And interestingly, that is indeed the feature I find most compelling from Cursor. I particularly love when I’m doing a small refactor, like changing a naming convention for a few variables, and after I make the first edit manually Cursor will jump in with tab suggestions for the rest.
To me, that fully encapsulates the definition of a HUD. It’s a delightful experience, and it’s also why I think anyone who pushes the exclusively-copilot oriented Claude Code as a superior replacement is just wrong.

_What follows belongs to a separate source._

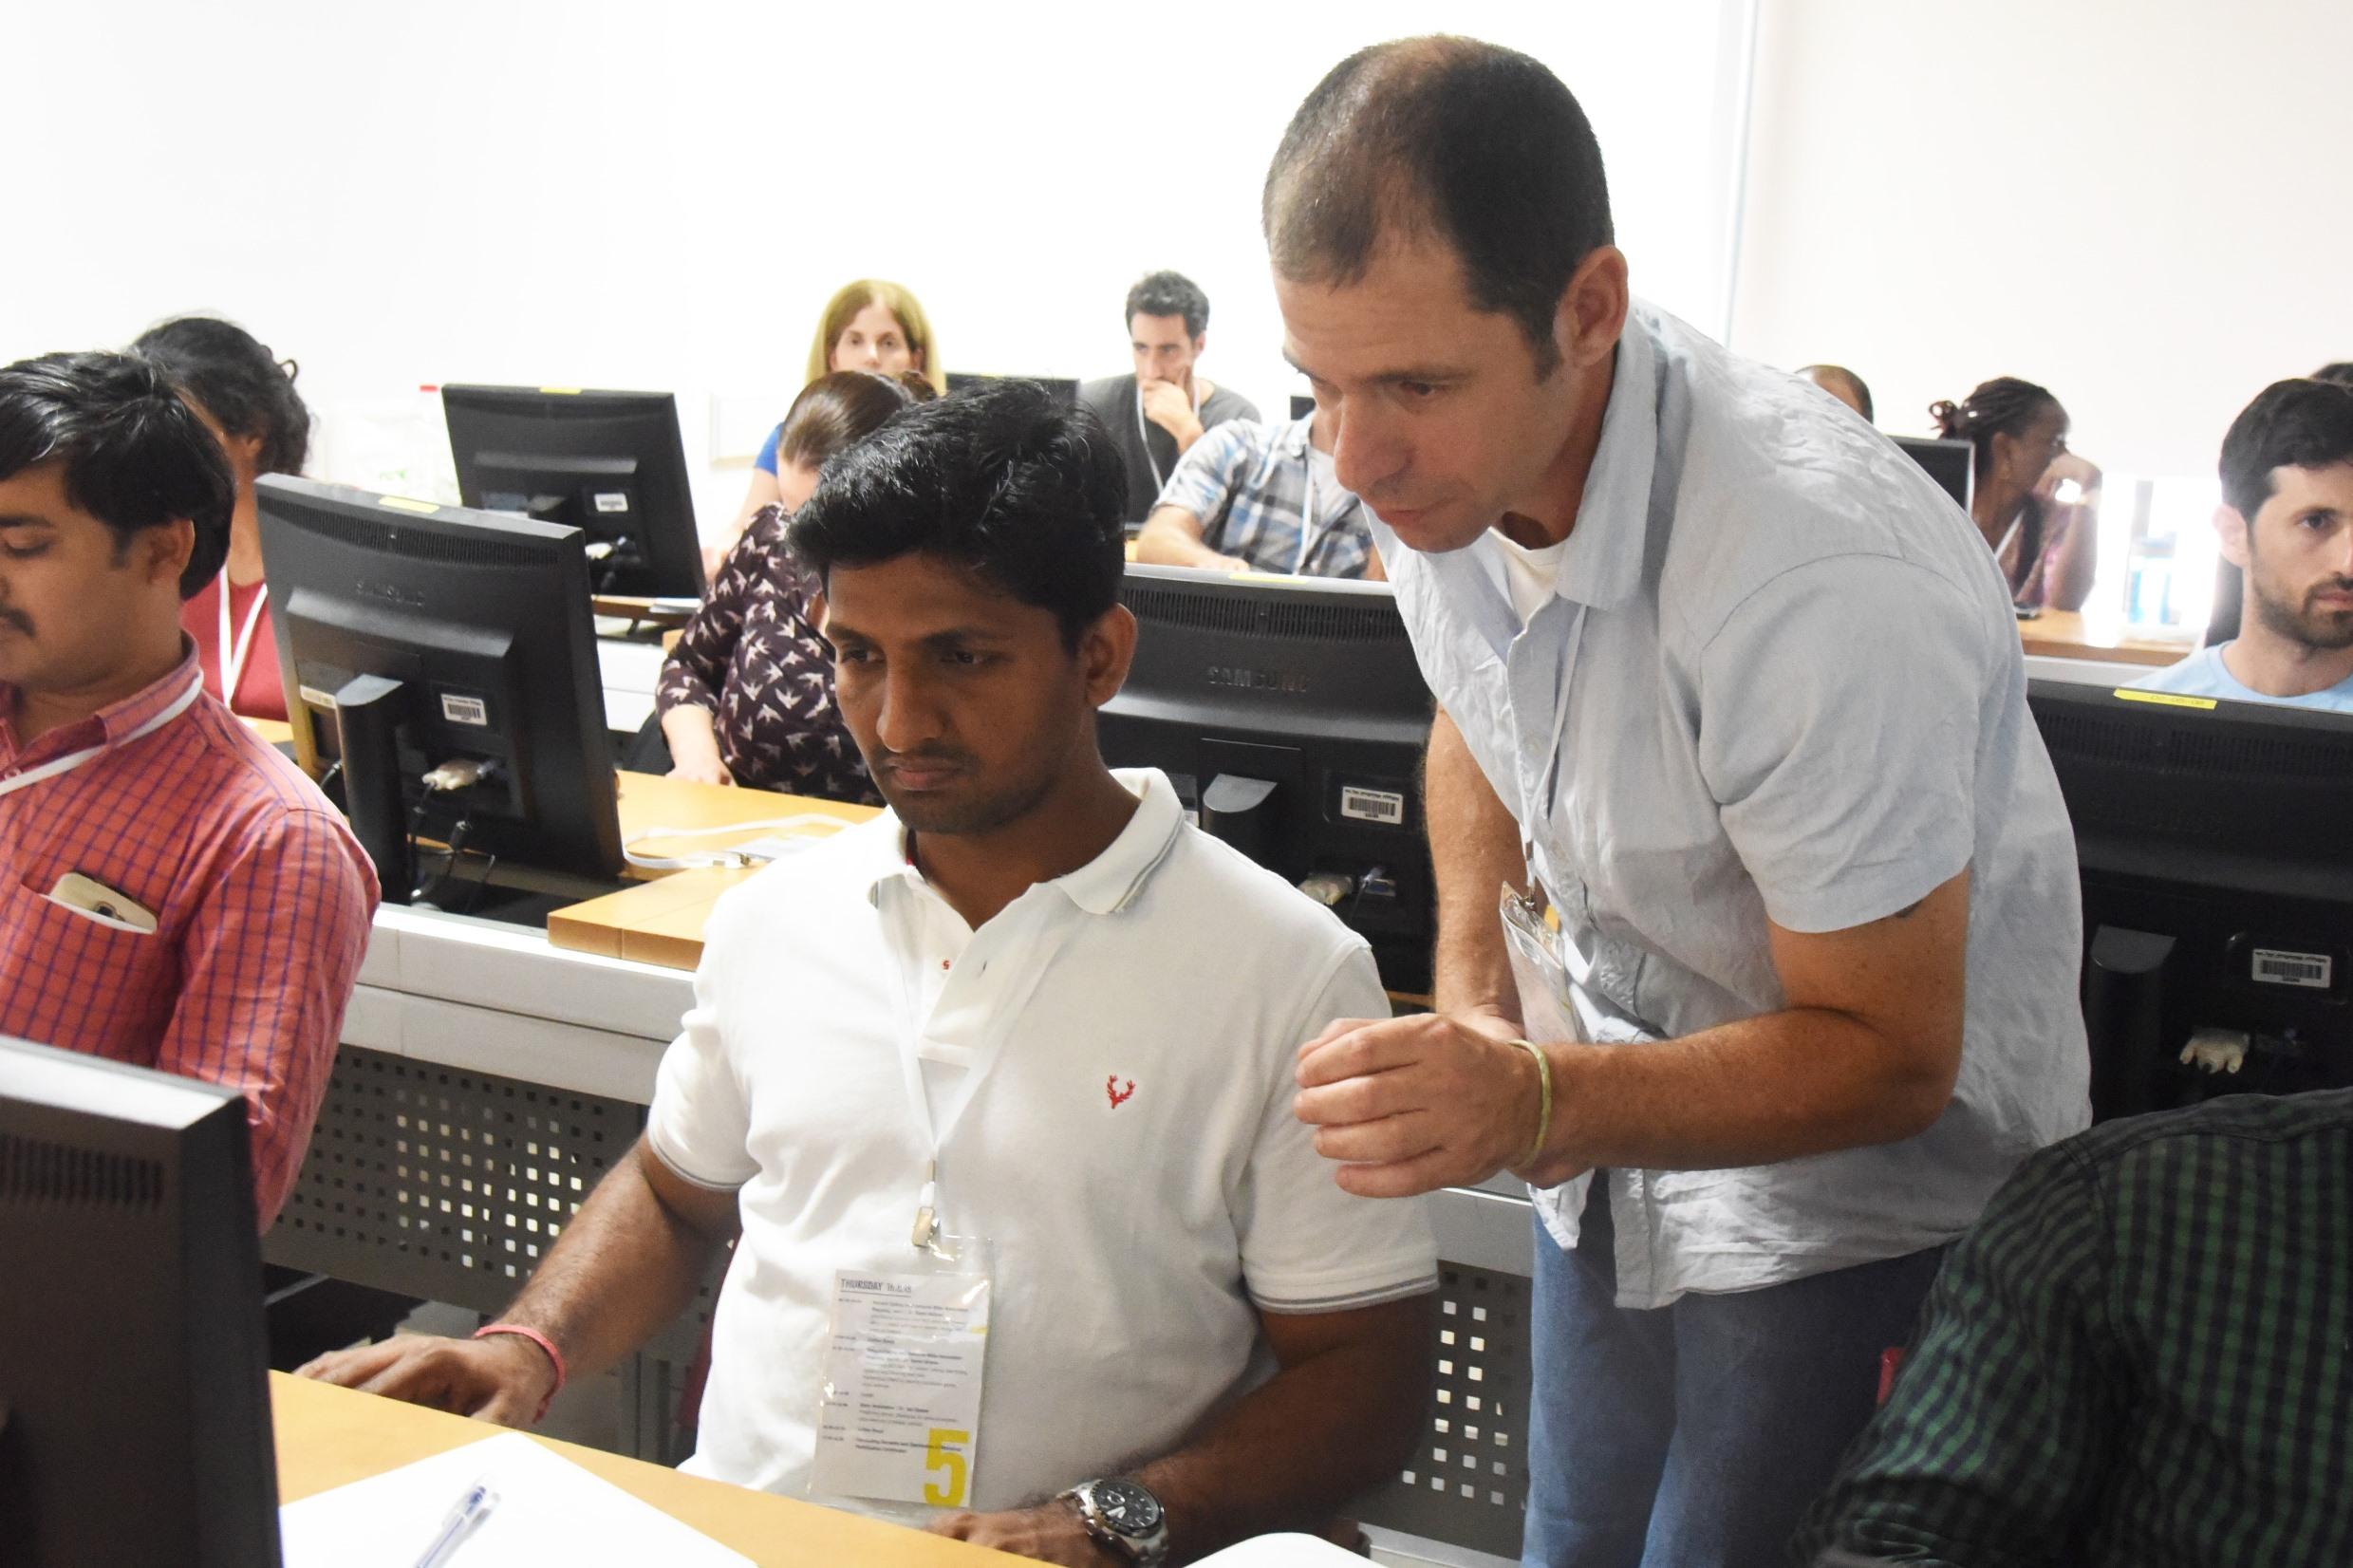 הסדנה הבינלאומית השנתית לביולוגיה חישובית

I've spent the last few months using Claude Code and Cursor - experimenting with both. For simple tasks, both are pretty good (like identifying a bug given console output) - but when it comes to making a big change, like adding a brand new feature to existing code that requires changes to lots of files, writing tests, etc - it often will make at least a few mistakes I catch on review, and then prompting the model to fix those mistakes often causes it to fix things in strange ways.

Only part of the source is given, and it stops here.